Suppose that $(u_1,\ldots, u_m, v_1, \ldots, v_n)$ is linearly independent. Prove that $W_1 ∩ W_2 = \{0\}$.

Question

Let $V$ be a real vector space and $W_1$ and $W_2$ two finite dimensional subspaces. Let $(u_1,\ldots, u_m)$ be a basis for $W_1$ and $(v_1,\ldots, v_n)$ be a basis for $W2$.

Suppose that $(u_1,\ldots, u_m, v_1,\ldots, v_n)$ is linearly independent.
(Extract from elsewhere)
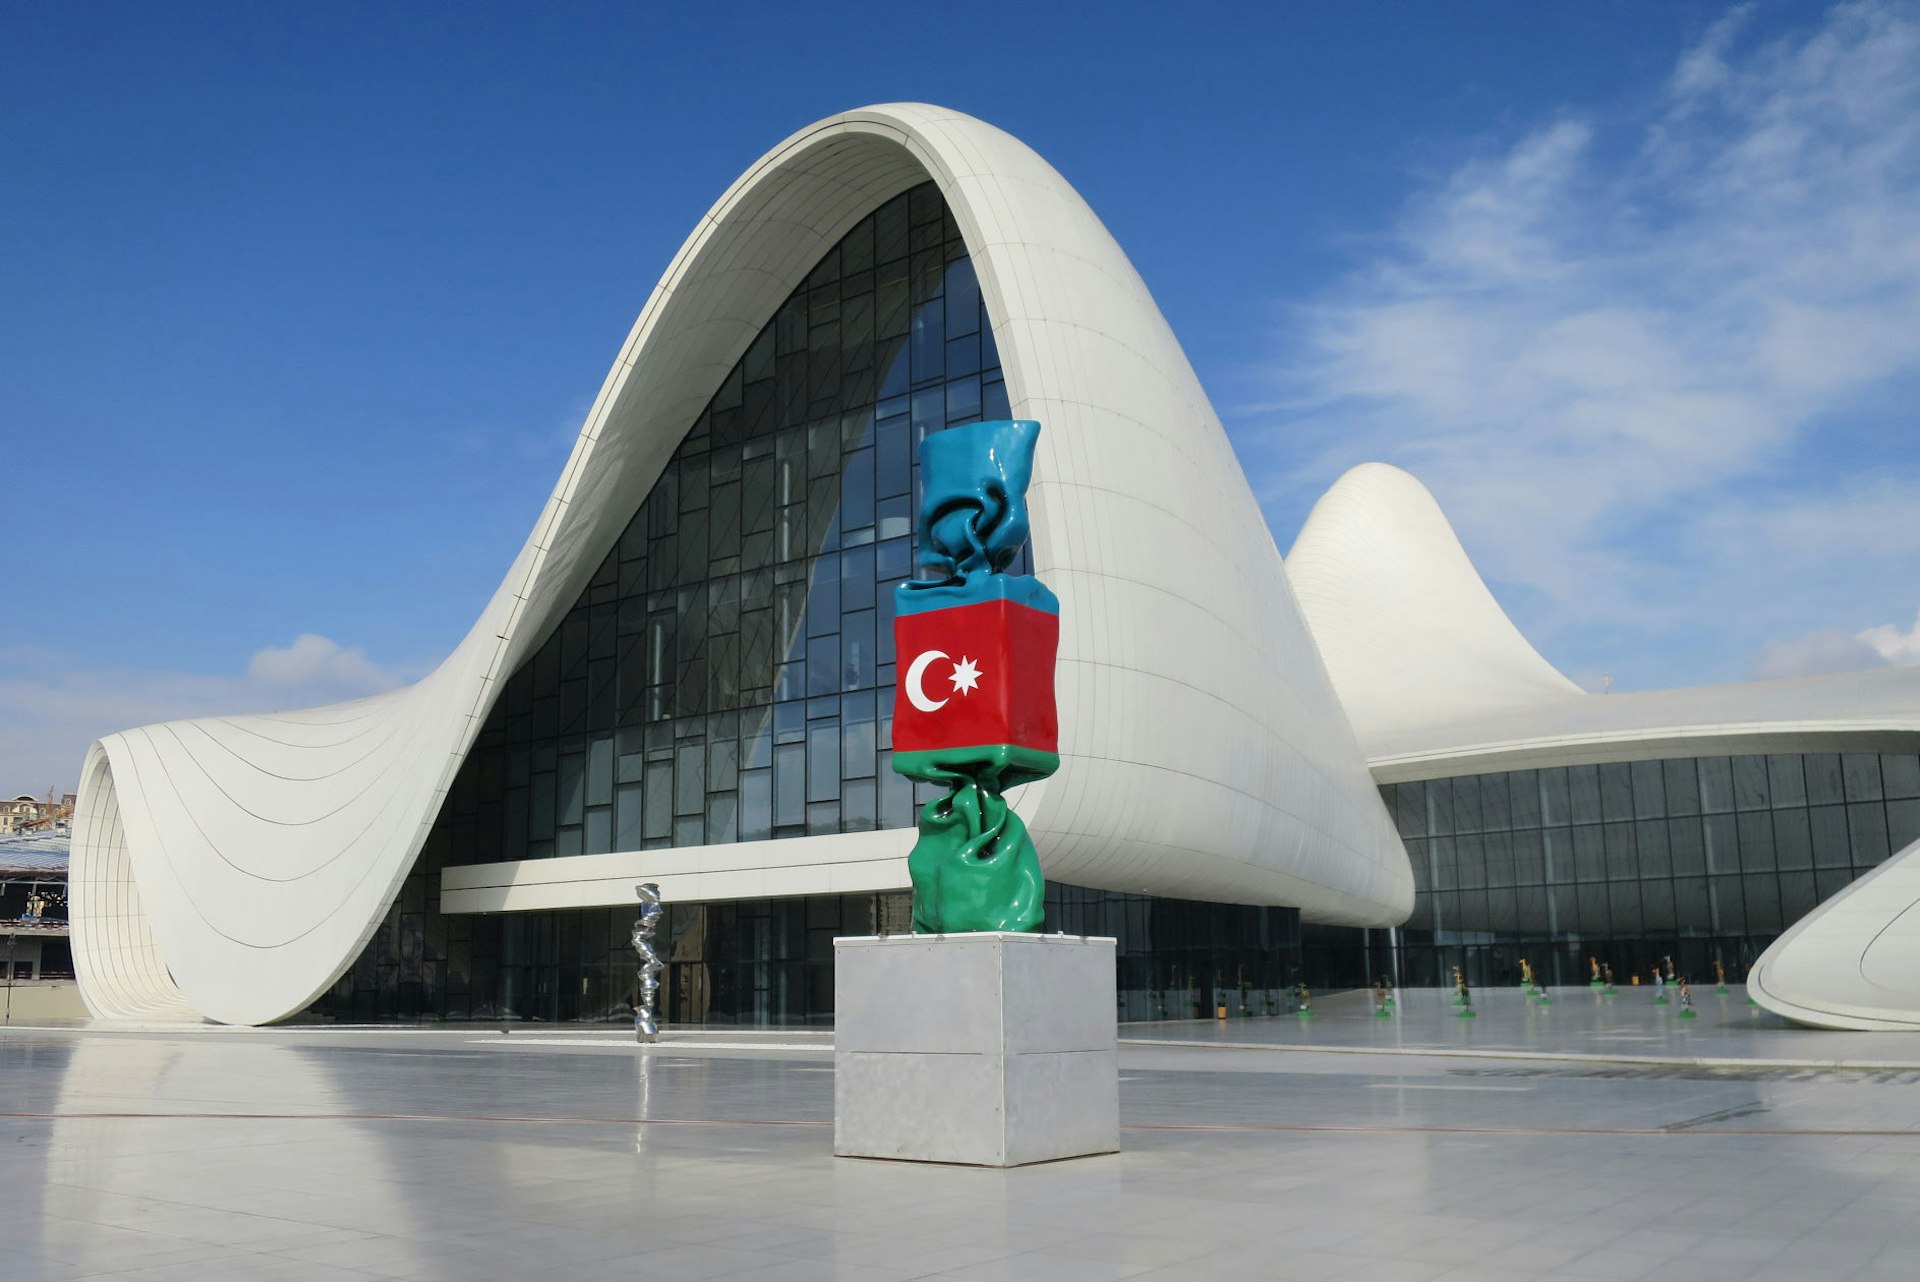 Heydar Aliyev Cultural Centre, Baku. Image by Sarah Reid / Lonely Planet

Prove that $W_1 ∩ W_2 = \{0\}$.

I know that if $w ∈ W_1 ∩ W_2$, then $w$ is a linear combination of the $u_i$ and also a linear combination of the $v_j$). I am however not sure how to proceed next.

Answer 1

Since $w$ is a linear combination of the $u_i$'s and also of the $v_j$'s, then you have$$w=\alpha_1u_1+\cdots+\alpha_mu_m=\beta_1v_1+\cdots+\beta_nv_n.$$But then$$\alpha_1u_1+\cdots+\alpha_mu_m-\beta_1v_1-\cdots-\beta_nv_n=0.$$Therefore, the linear independence implies that all coefficients are $0$. In particular, $w=0$.